For instance, I do inquiry in the hope that the annoying parts of my personality will change. I do inquiry in the hope that I will change, and then my partner will change and become more easy for me to deal with.

It can be subtle. My conscious motivation may be to find peace with the situation, but somewhere in the background is the thought that this may be the key for having the disturbance go away.

In seeing inquiry as a strategy for having a disturbance go away, the answers are filtered and sensored. Something arises, and right away there is the question - is this the right key? Should I bring it out and explore it futher, or hold it back? This is one way of muddling the process.

Not really a disturbance, but...

Of course, in doing inquiry for a while, I see that what appears as a disturbance is only a disturbance because of my beliefs around it. In itself, it is innocent. And in seeing the situation more clearly, there is peace with it.
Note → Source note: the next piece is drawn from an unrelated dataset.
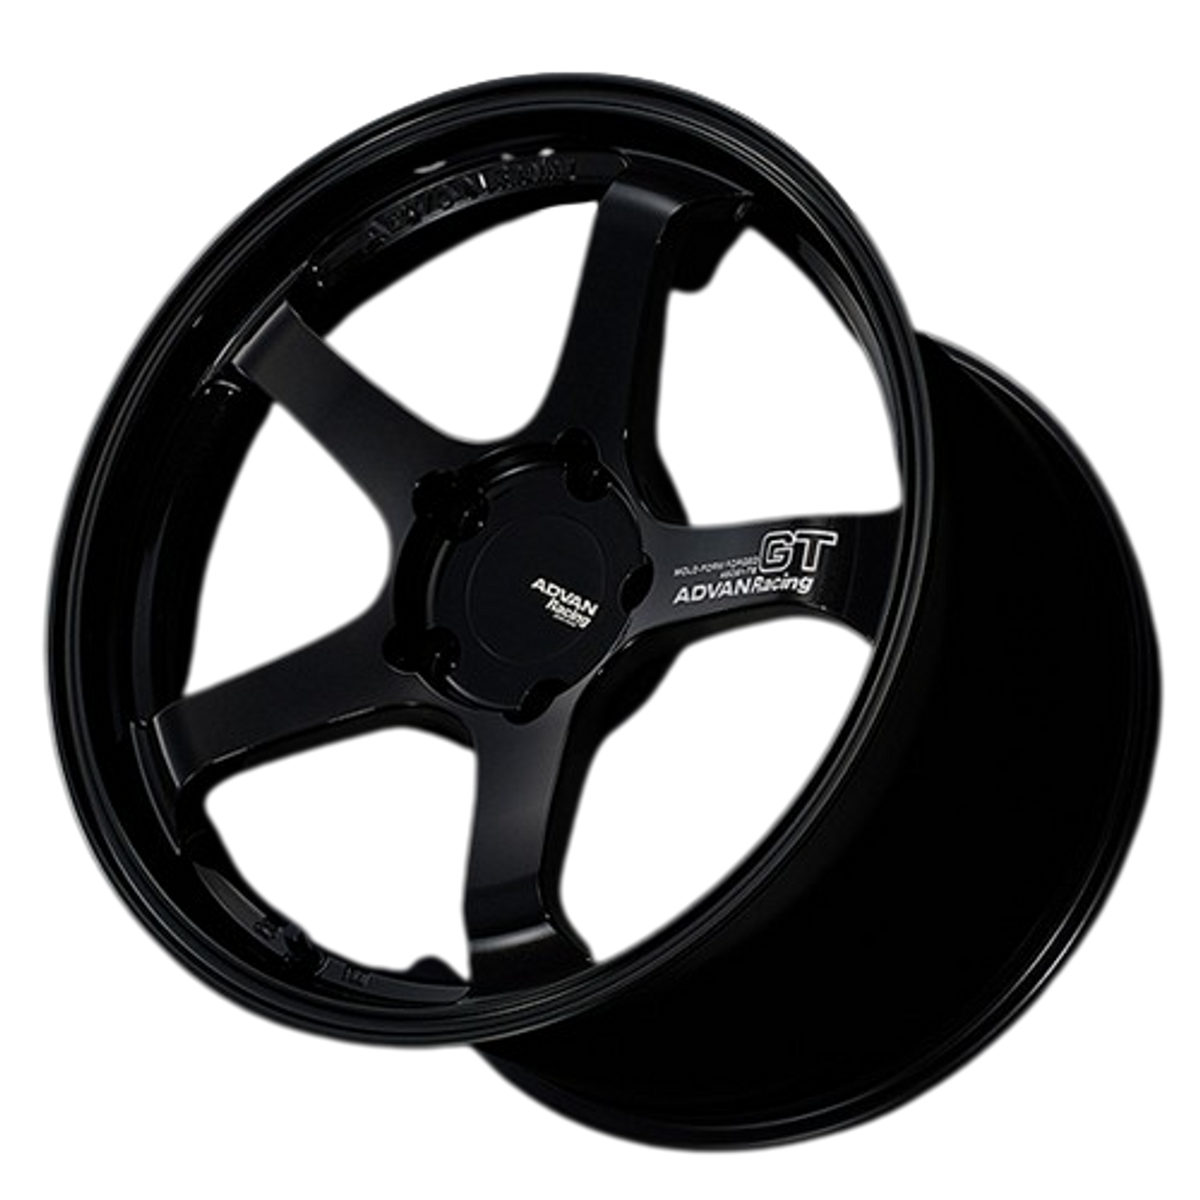 Advan GT Wheel for Porsche - 21&quot; Sizes

It changes from a problem to just a situation.

Still, especially at the beginning of an exploration, there may still be the wish and hope that the situation itself will change.

Going beyond wanting the disturbance to go away

Some statements for inquiry around this...

Inquiry makes problems go away.

I shouldn't do inquiry to make problems go away.

Problems should go away.

I am more happy if there are no problems.

And as I mentioned at the beginning, I also find that briefly asking myself the question who would I be to find peace with it, even if it will never change helps me go beyond using inquiry as a strategy for making a disturbance go away.